Les prêtres ou les vieillards, en grec πρεσβύτεροι, furent ceux qui, après les poètes, contribuèrent le plus à polir le langage ; ils étaient seuls en possession de transmettre ou de raconter en prose les faits les plus remarquables de leur temps, de dicter à la jeunesse des règles de morale et de vertu, de prononcer comme juges sur les peines à infliger aux crimes, sur les récompenses à donner aux belles actions ; et comme pour se faire écouter, ils durent s’appliquer à parler correctement, à n’employer que des termes choisis, leur éloquence en acquit plus de poids ; les charmes de l’élocution adoucirent ce qu’il y eut de rude, de sévère dans leurs discours qu’on retint plus facilement. On ne se borna pas à les apprendre, à les réciter par cœur ; on voulut encore les imiter, les surpasser même, et ces efforts continuels tournèrent au profit de l’art de parler.

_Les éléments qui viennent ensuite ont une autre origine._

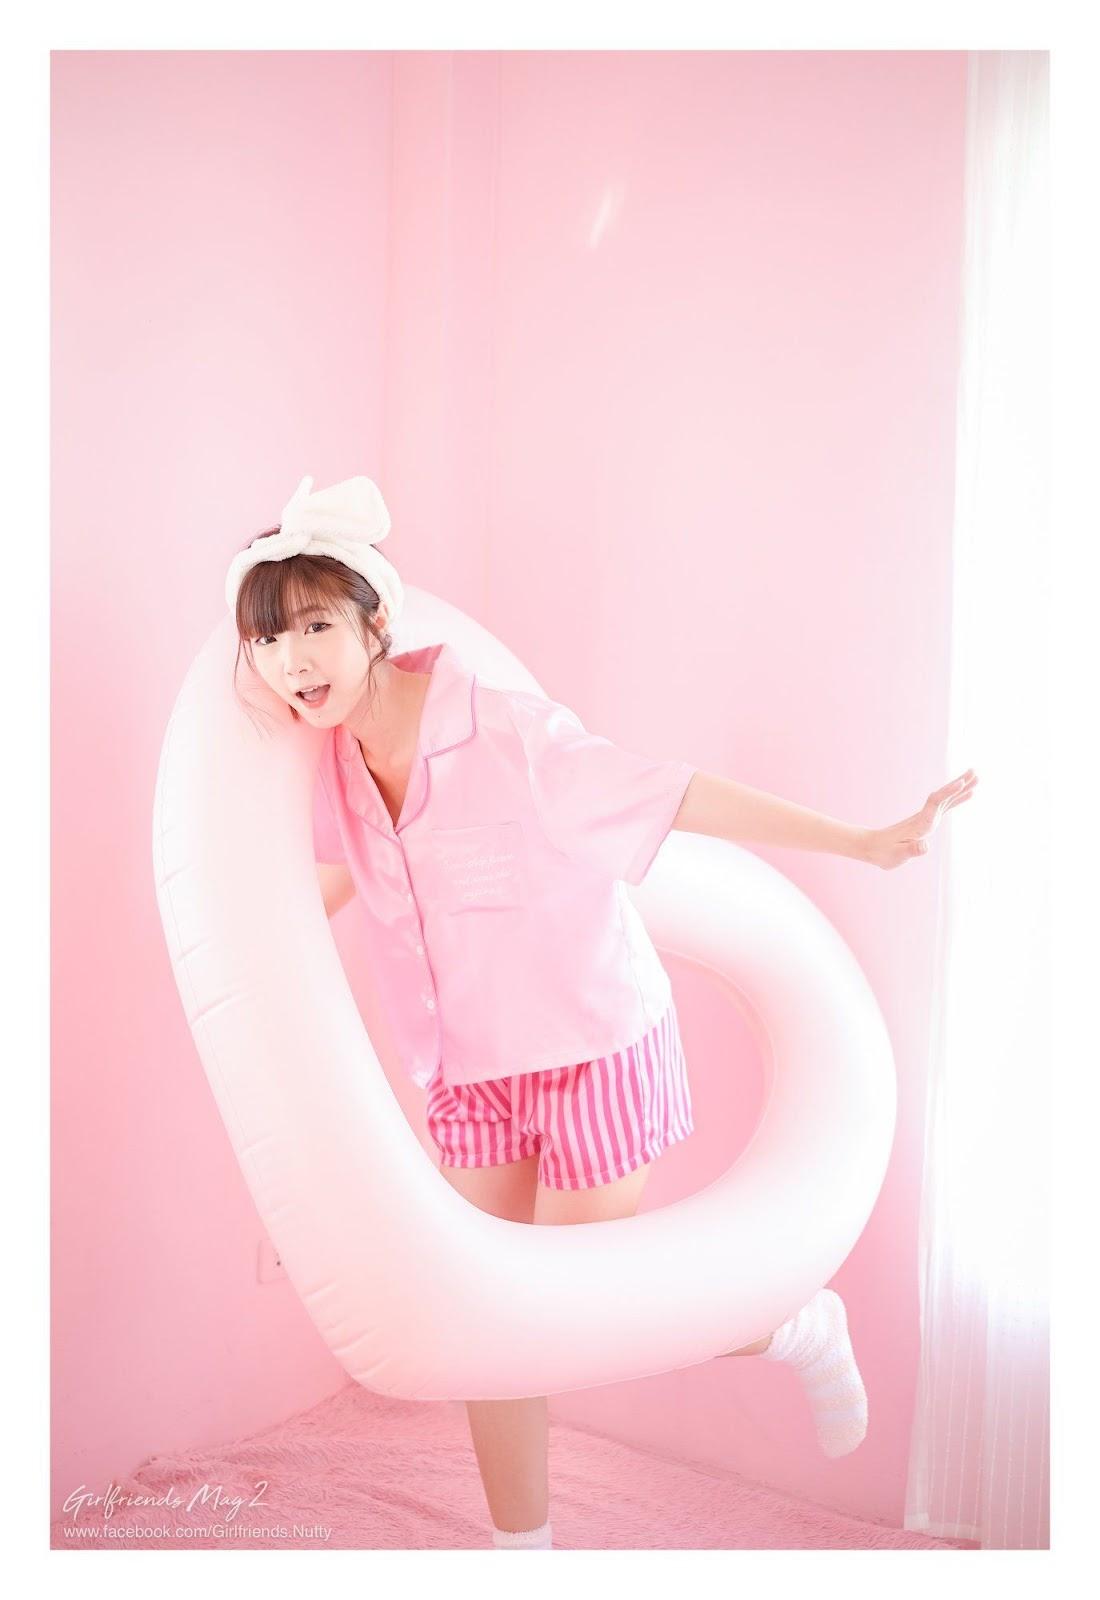 Image Thailand Model - Pakkhagee Arkornpattanakul - Pink Tone - TruePic.net - Picture-7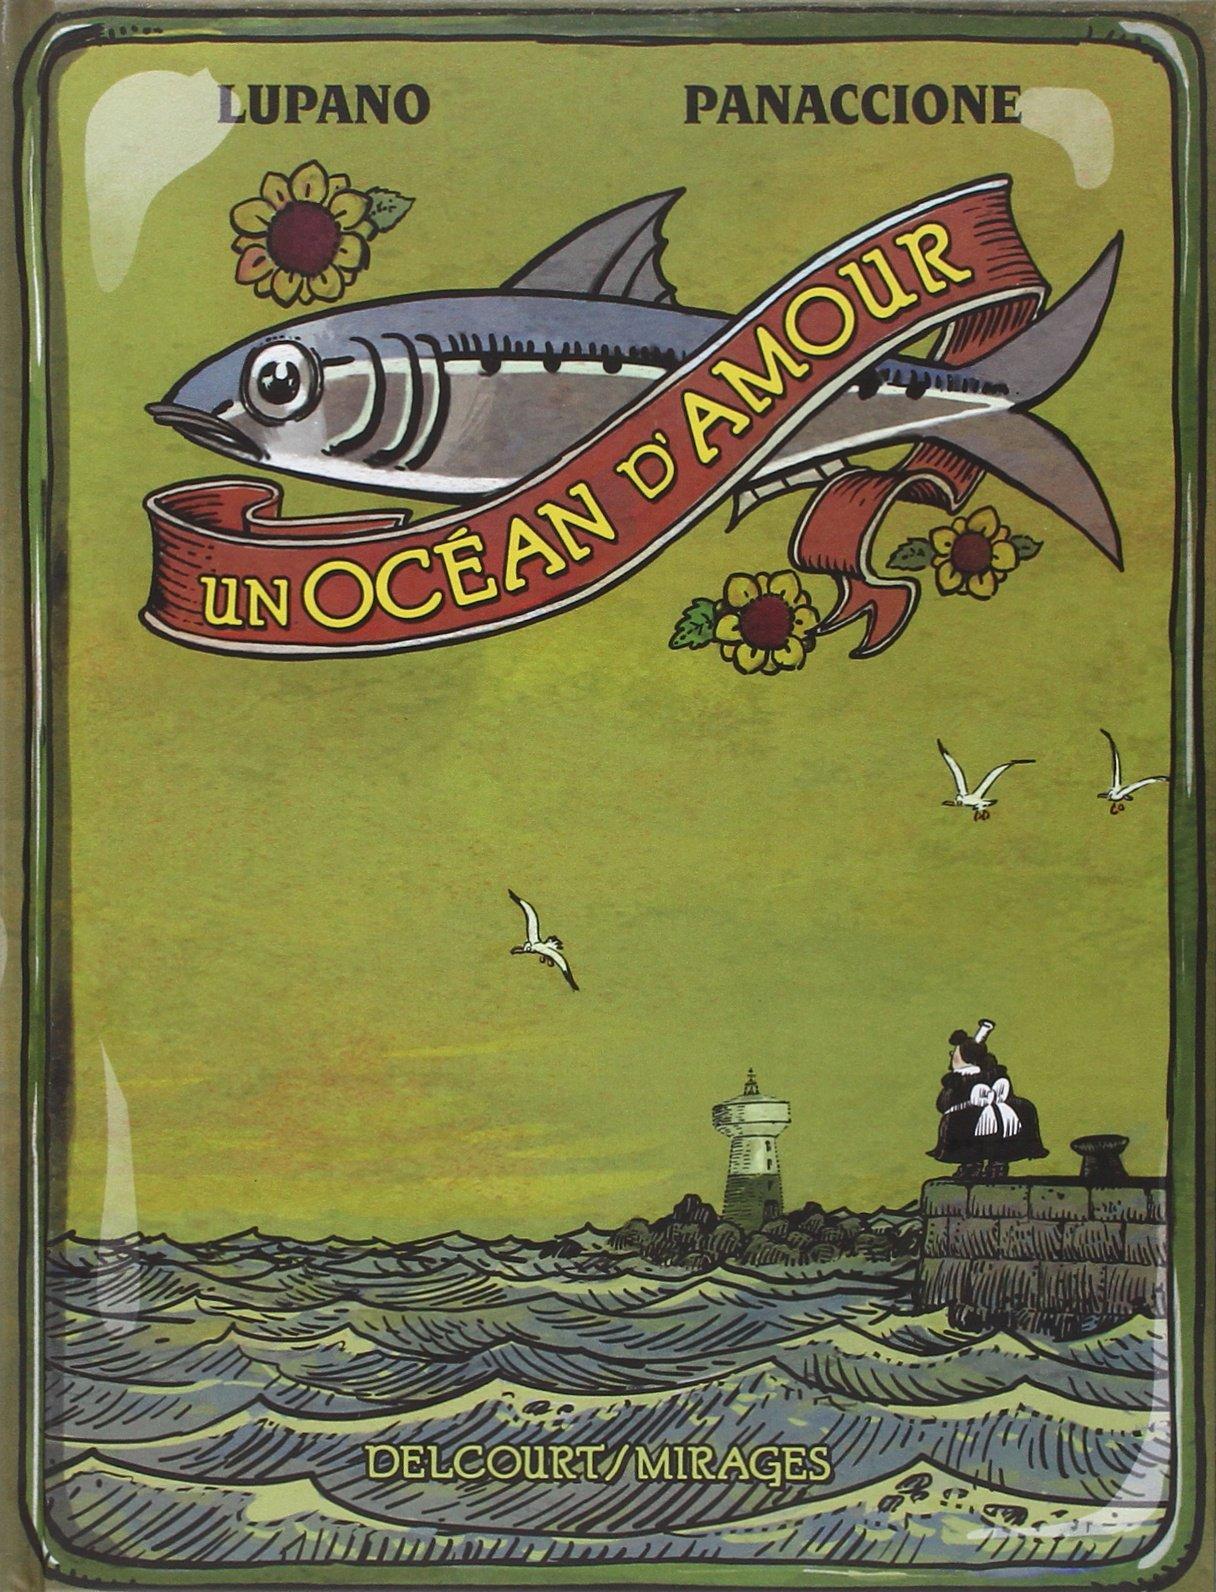 Un océan d'amour de Wilfrid Lupano & Gregory Panaccione  81NSvVJzNkL

Dans ces temps reculés le pouvoir suprême résidait entre les mains des généraux d’armée et des chefs de tribus. Les harangues de ces chefs, destinées à frapper les esprits, à remuer les cœurs, à produite de grands effets, ont dû être composées avec soin dans un style plus orné, plus pur que celui des simples conversations. On les étudia ; elles servirent de modèles à tous ceux qui eurent besoin de se faire entendre, ou qui visèrent au talent de bien parler.